[LISTED ENTRIES]:

------------------------------------------------------------------------

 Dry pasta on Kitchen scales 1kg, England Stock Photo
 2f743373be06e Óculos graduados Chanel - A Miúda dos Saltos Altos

------------------------------------------------------------------------

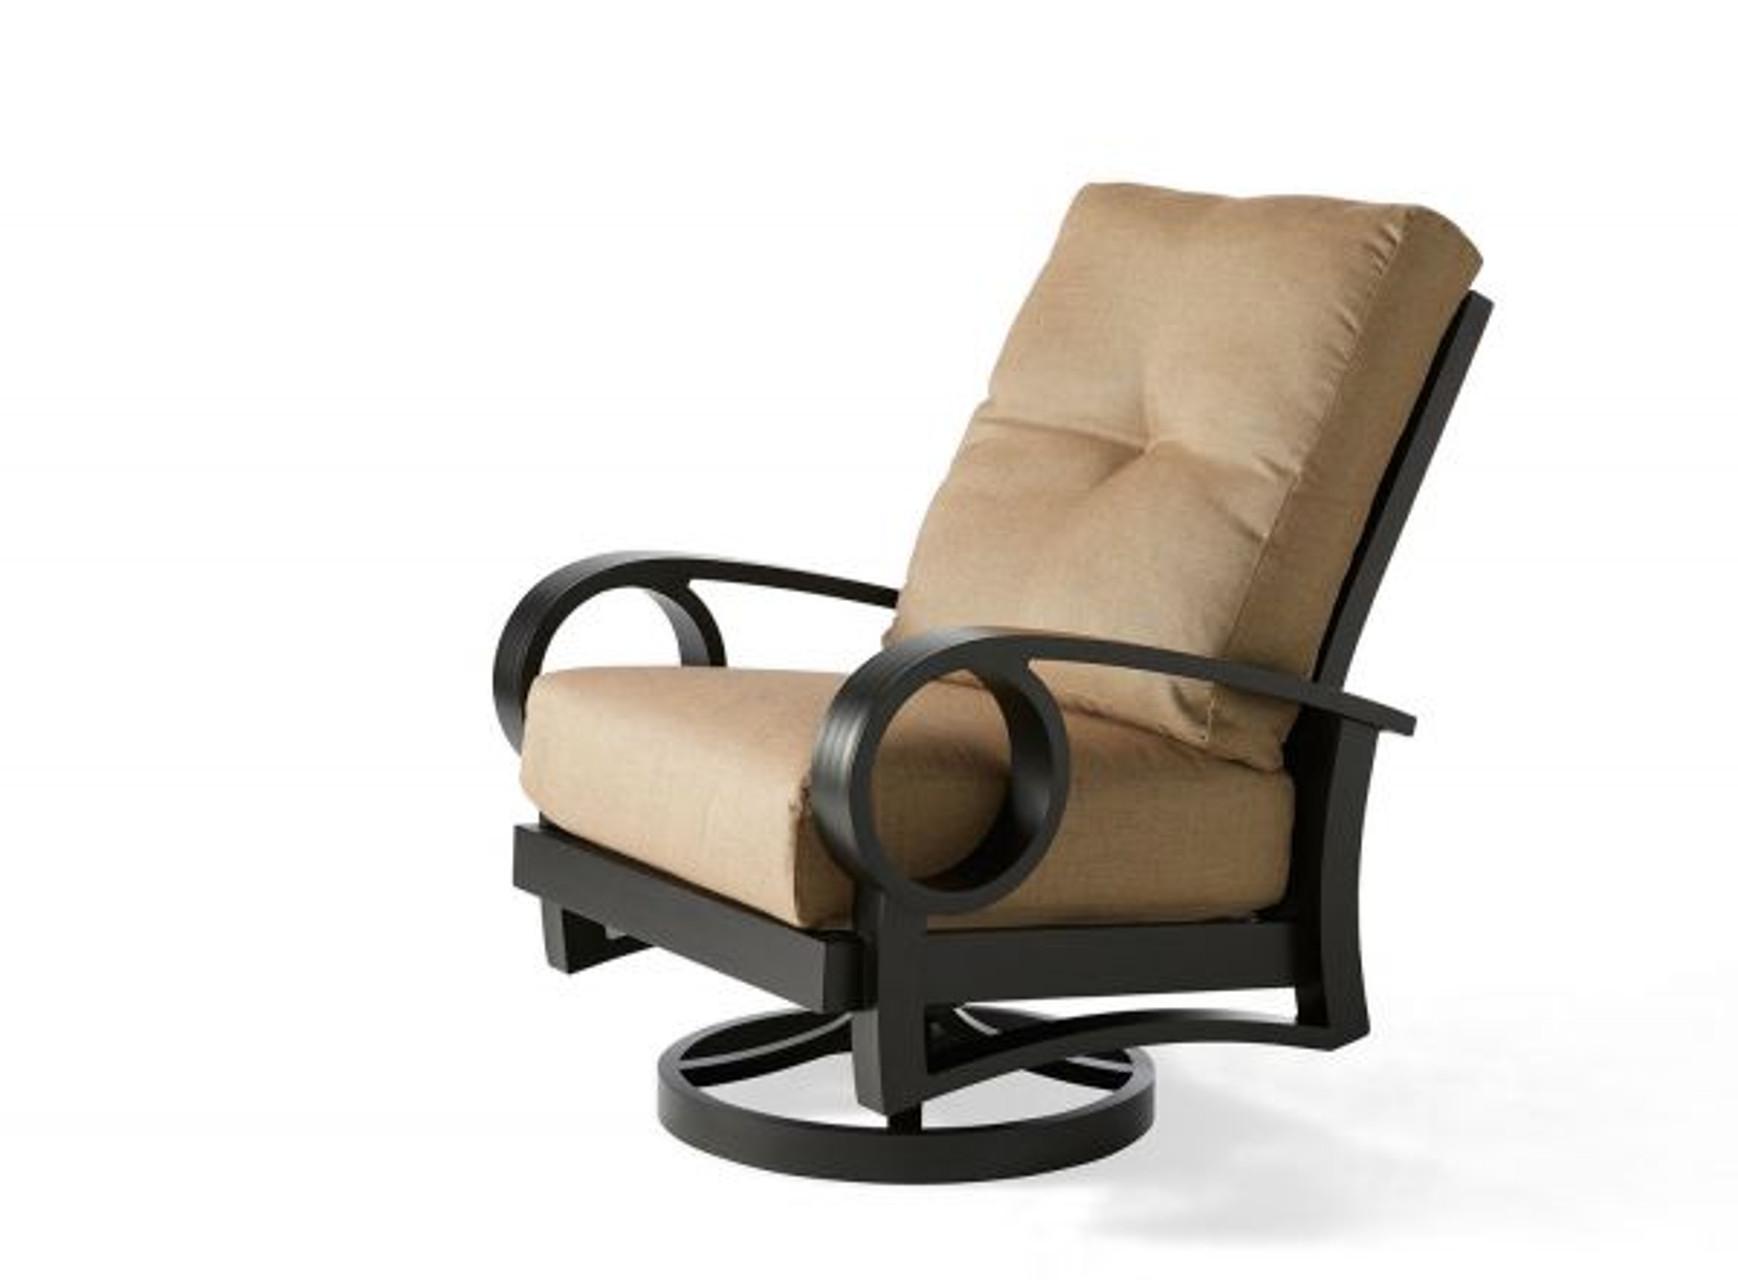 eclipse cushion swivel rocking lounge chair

------------------------------------------------------------------------

[PROBLEM REQUIREMENTS]:
The required answer is the run of lines above, starting at the line with "Dry pasta on" and ending at the line with "2f743373be06e Óculos graduados", reproduced exactly with both ends.

[RESPONSE FOR THIS EXERCISE]:
 Dry pasta on Kitchen scales 1kg, England Stock Photo
 2f743373be06e Óculos graduados Chanel - A Miúda dos Saltos Altos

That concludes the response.